Le vol le plus long... est encore un peu plus long qu'avant

Lorsque Singapore Airlines a relancé ses vols ultra long-courrier entre Singapour et New York en 2018, les avions décollaient de l'aéroport de Changi et atterrissaient à l'aéroport de Newark. La ligne a été interrompue entre mars et novembre 2020 en raison de la pandémie, mais à sa reprise, elle a été légèrement allongée, puisque les vols ont désormais pour destination — ou départ — l'aéroport JF Kennedy, situé quelques kilomètres plus loin lorsqu'on arrive de l'ouest.

Il compte trois itinéraires différents

Pour relier Singapour à New York ou New York à Singapour, vous ne traverserez pas forcément la planète de la même manière. Le vol peut en effet prendre trois routes différentes, une décision dictée par la météo, la période de l'année et le sens des vents, ce qui influera donc sur la durée du vol. La route polaire, la plus directe et la plus rapide, n'est opérable que de mai à août. Le reste de l'année, les vols passent par la route Pacifique Nord dans les deux sens, ou traversent l'Atlantique, uniquement dans le sens New York-Singapour.
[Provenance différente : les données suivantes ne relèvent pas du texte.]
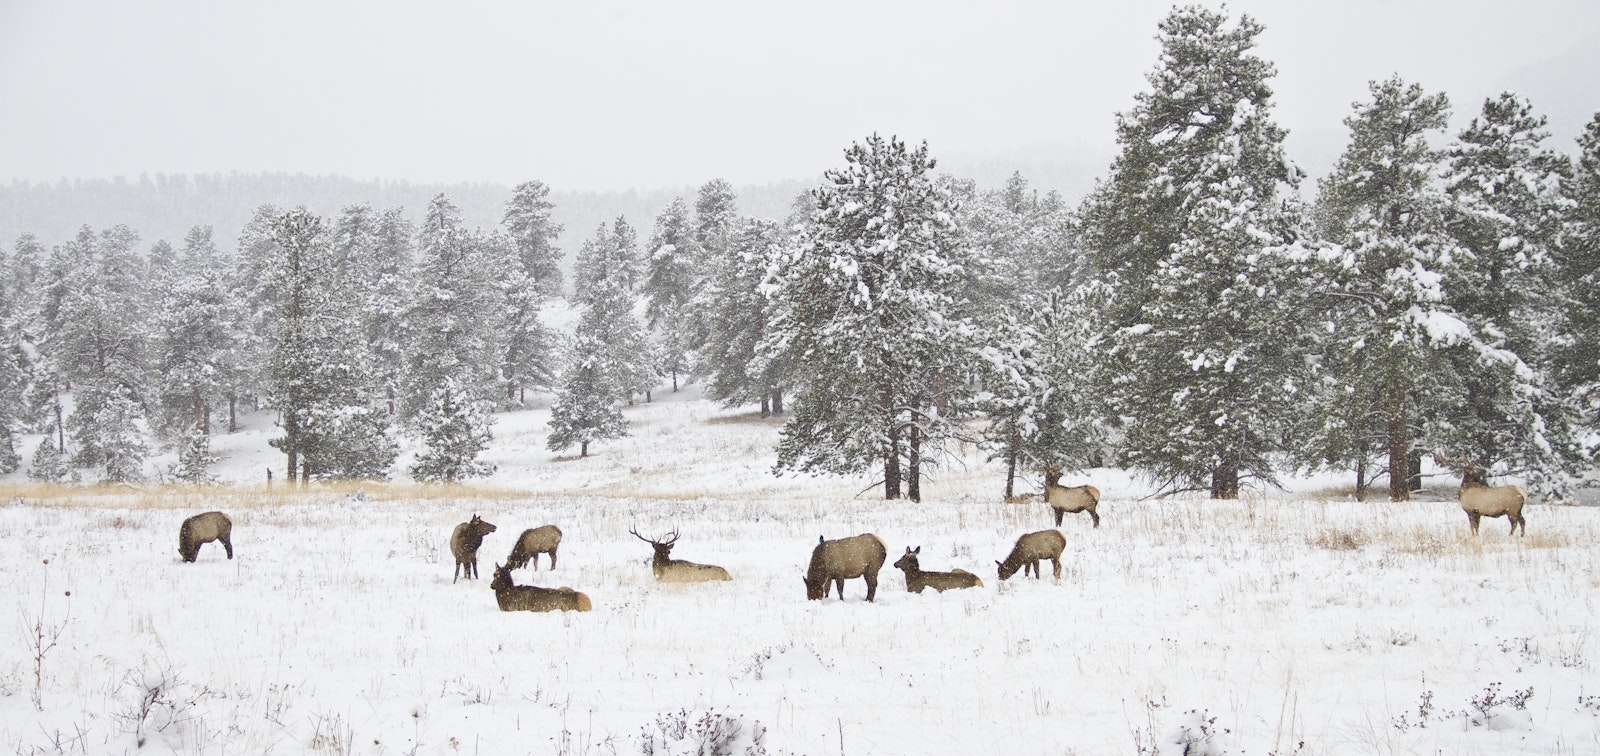 A snowy landscape with deer lounging in a field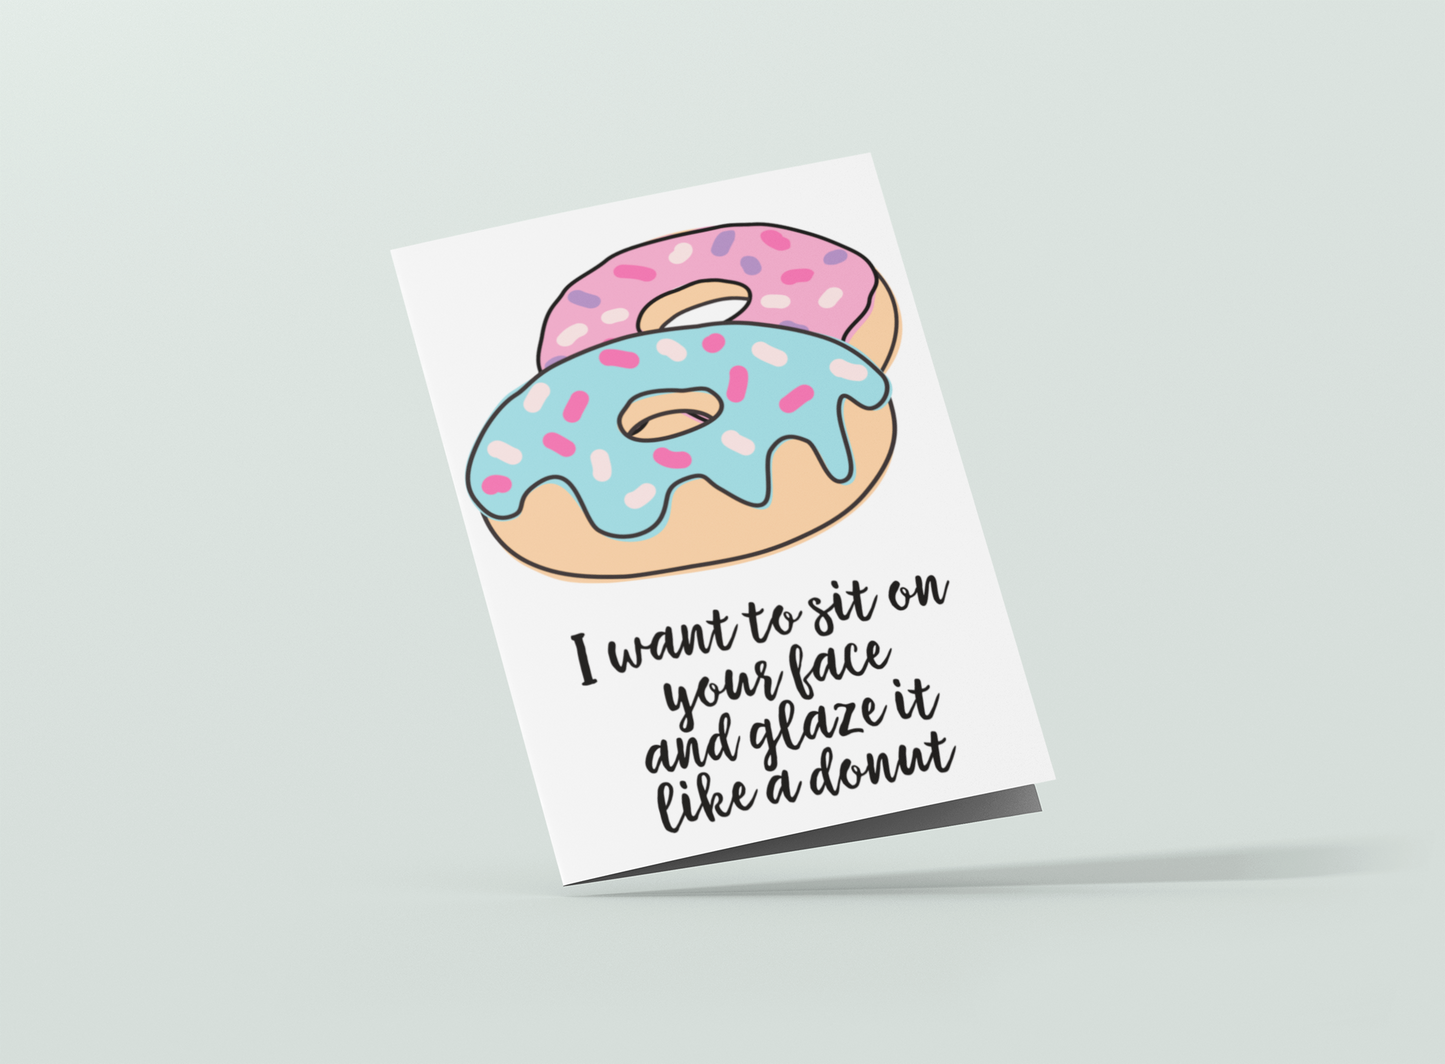 White vertical greetings card featuring a colourful donut design. To the bottom it reads 'i want to sit on your face & glaze it like a donut'. Printed in black ink.

Comment stocker plus de carburant pour aller plus loin

Comment traverser la moitié de la planète sans se poser pour se ravitailler en carburant, tout en transportant des passagers et du fret, sur une ligne qui doit être rentable ? Cette équation a fait plancher les ingénieurs d'Airbus, qui ont dû trouver des solutions pour emporter plus de kérosène sans modification majeure de l'avion (ajouter un réservoir supplémentaire n'était pas une option satisfaisante). C'est ainsi qu'ils ont eu l'idée de surélever la pompe à carburant… tout simplement pour pouvoir le remplir davantage. De quoi emporter 24 000 litres de carburant supplémentaire, soit près de 165 000 litres au total — qui ne sont jamais entièrement consommées. C'est beaucoup moins que pour l'A340 qui faisait précédemment la liaison : en 2004, il emportait 222 tonnes de kérosène.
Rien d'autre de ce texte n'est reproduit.